Seqanswers Leaderboard Ad



No announcement yet.
  • Filter
  • Time
  • Show
Clear All
new posts

  • Mitochondria genome-denovo assembly

    Hi all,

    I am trying to assemble plant mitochondria genome. The method I follow is to extract mitochondria reads from genomic reads (sequenced WGS approach using hiseq 2000, illumina paired-end reads)

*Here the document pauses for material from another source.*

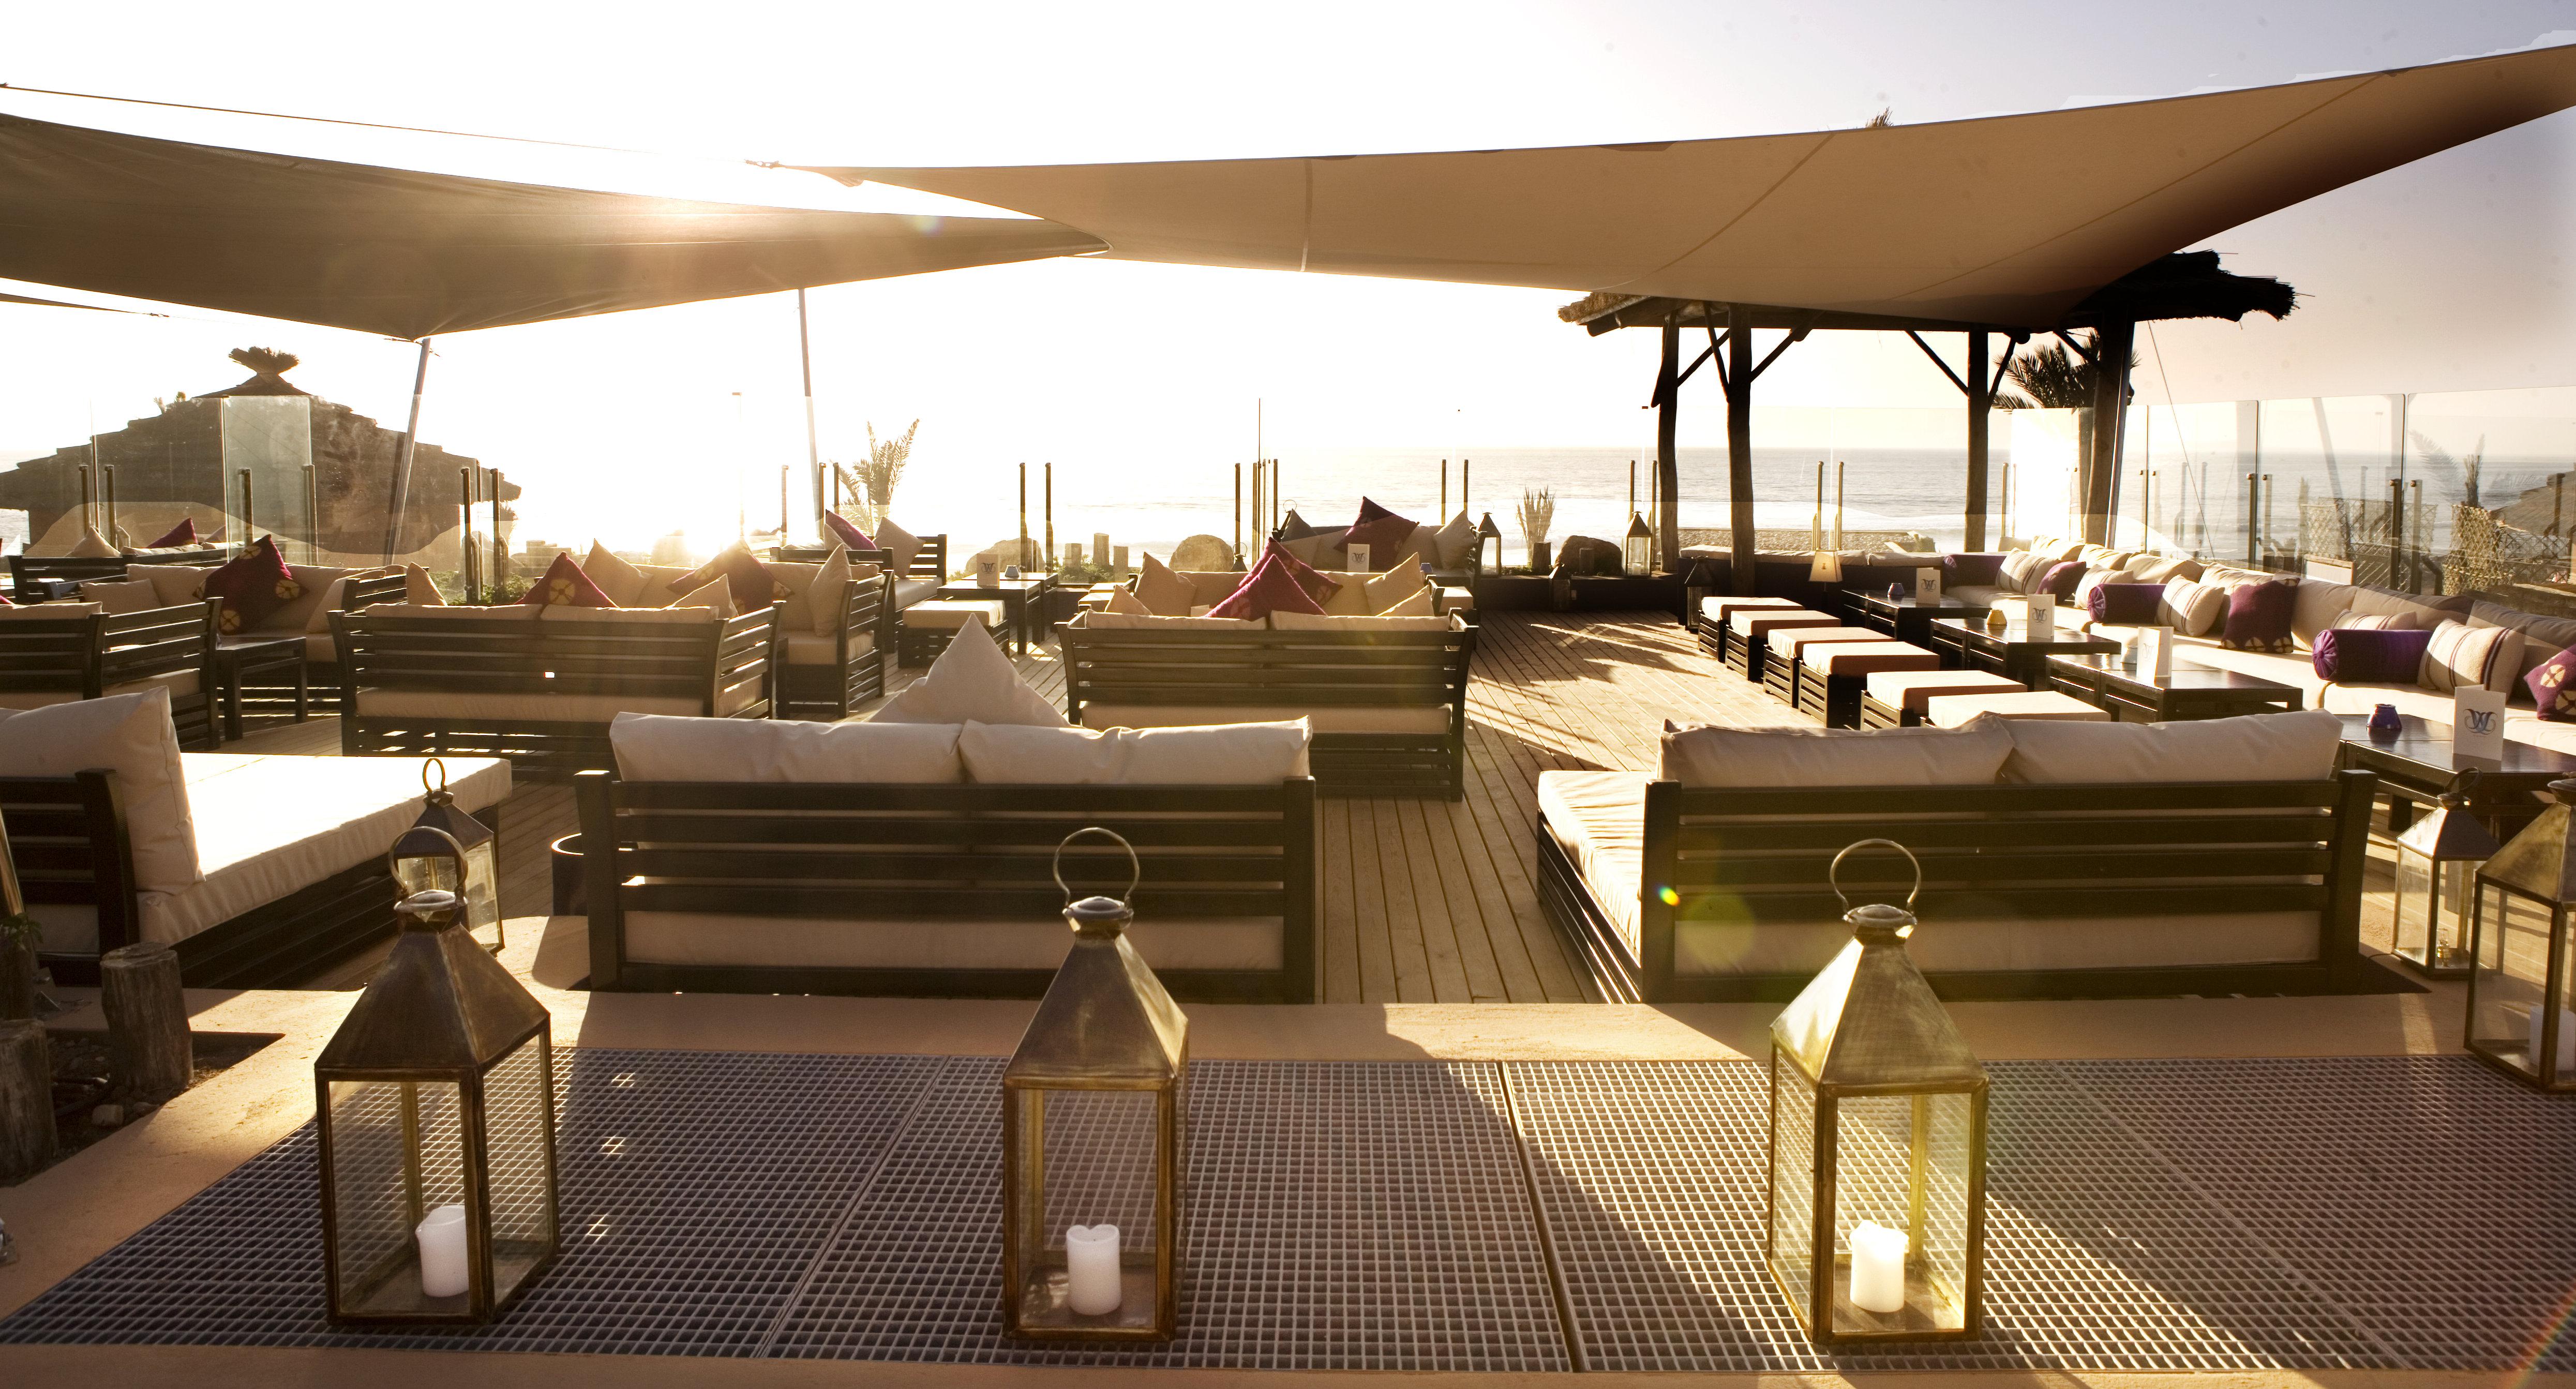 paradis-plage-yoga-beach-spa-resort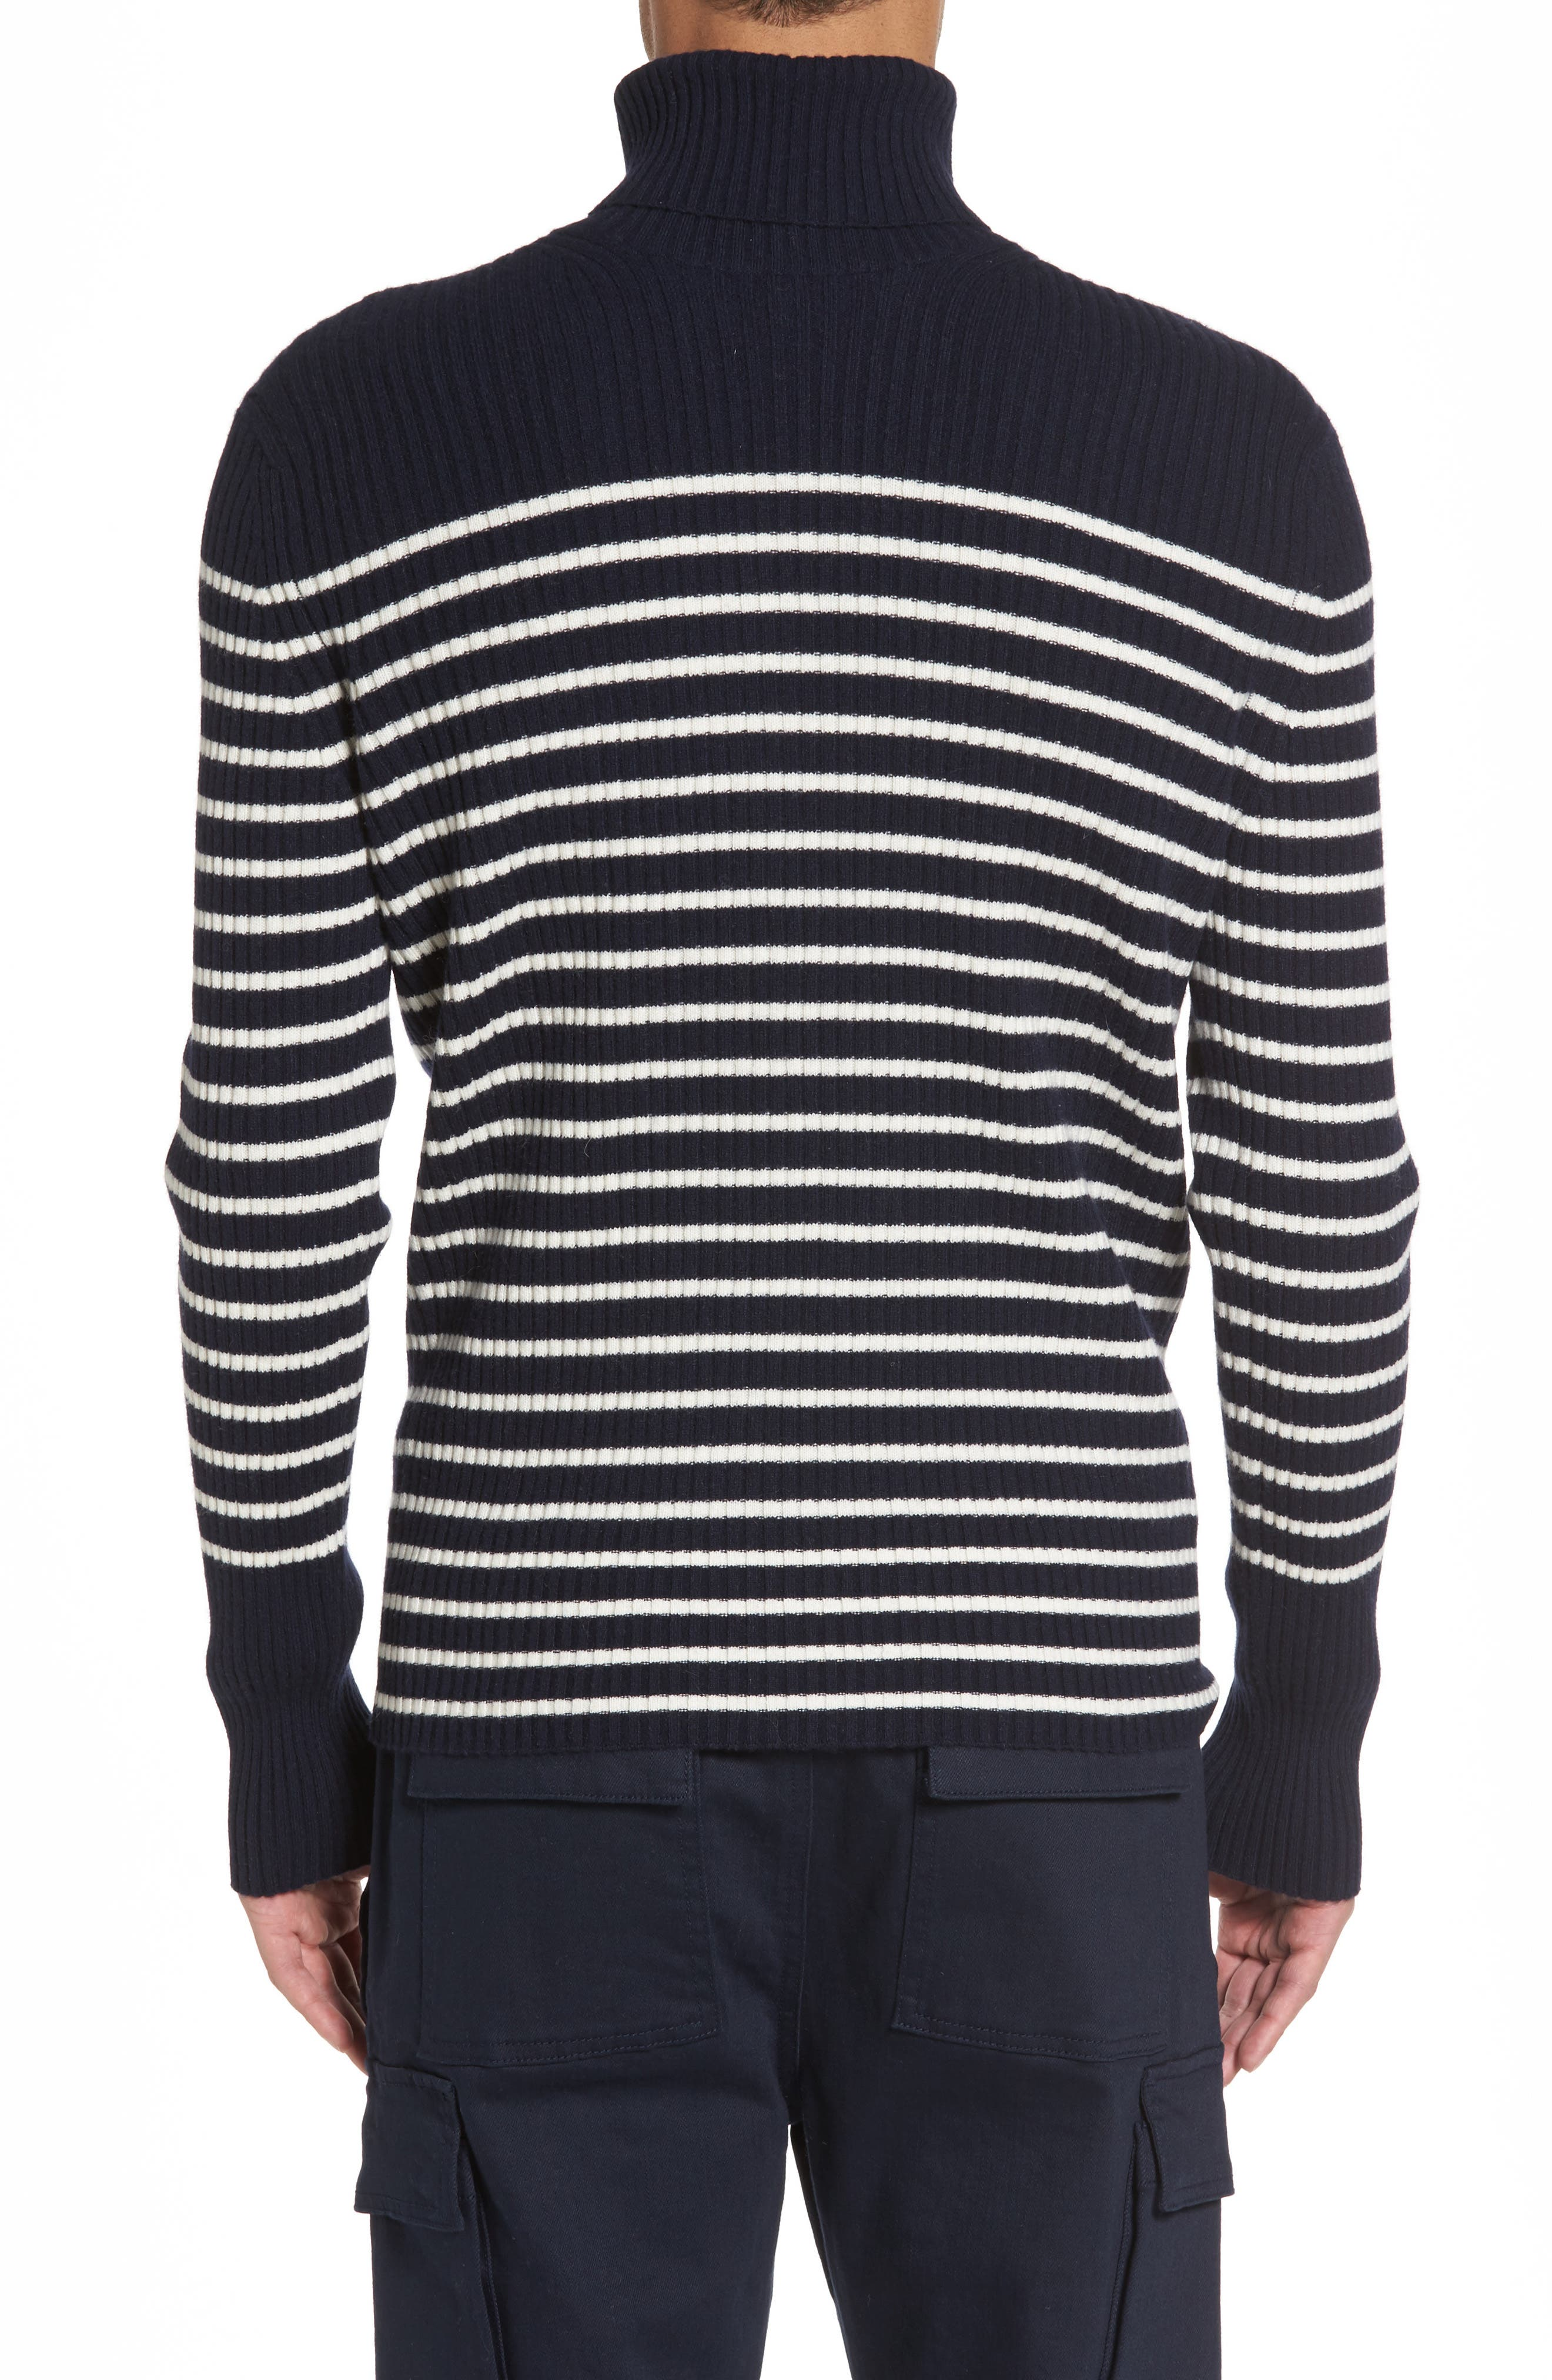 Regular Fit Breton Stripe Cashmere Turtleneck Sweater,                             Alternate thumbnail 2, color,                             Coastal/ Breeze

    1. I have downloaded all mitochondrial genomes of plants and indexed as reference genome using BWA
    2. The raw paried-end reads were filtered (adapter & low quality reads filtered) which passed fastqc tool test. The fastqc passed filtered reads were interleaved using using perl script and used as single-end sequence. These single-end sequence were mapped to mitochondiral reference genome using BWA
    3. Then mapped reads are extracted using samtools -F 4 option and got output in bam format
    4. Using picard, bam format converted to fastq format
    5.Before doing denovo assembly, I checked with fastqc, it failed in following
    (i)FAIL-Per sequence GC content
    (ii)FAIL-Sequence Duplication Levels
    (iii)FAIL-Overrepresented sequences
    (iv)FAIL-Kmer Content

    My questions
    (i) what I can I improve the reads before denovo assembly of mitochondrial reads?
    (ii) Which better tool to assembly mitochondrial genome velvet or soapdenovo?. How much kmer size can be used?

  • #2
    I would try MITObim, which uses the MIRA assembler iteratively:


    • #3
      Originally posted by bioman1 View Post
      5.Before doing denovo assembly, I checked with fastqc, it failed in following
      (i)FAIL-Per sequence GC content
      (ii)FAIL-Sequence Duplication Levels
      (iii)FAIL-Overrepresented sequences
      (iv)FAIL-Kmer Content

      My questions
      (i) what I can I improve the reads before denovo assembly of mitochondrial reads?
      Don't get hung up on the FastQC report. You have created a very small subset of the total input reads, and a subset which likely represents an extreme fold coverage of the Mt genome. The FastQC results you are seeing are probably to be expected given the input.


      • #4
        It's always good to have more than one way to do something to add confidence that your results are correct.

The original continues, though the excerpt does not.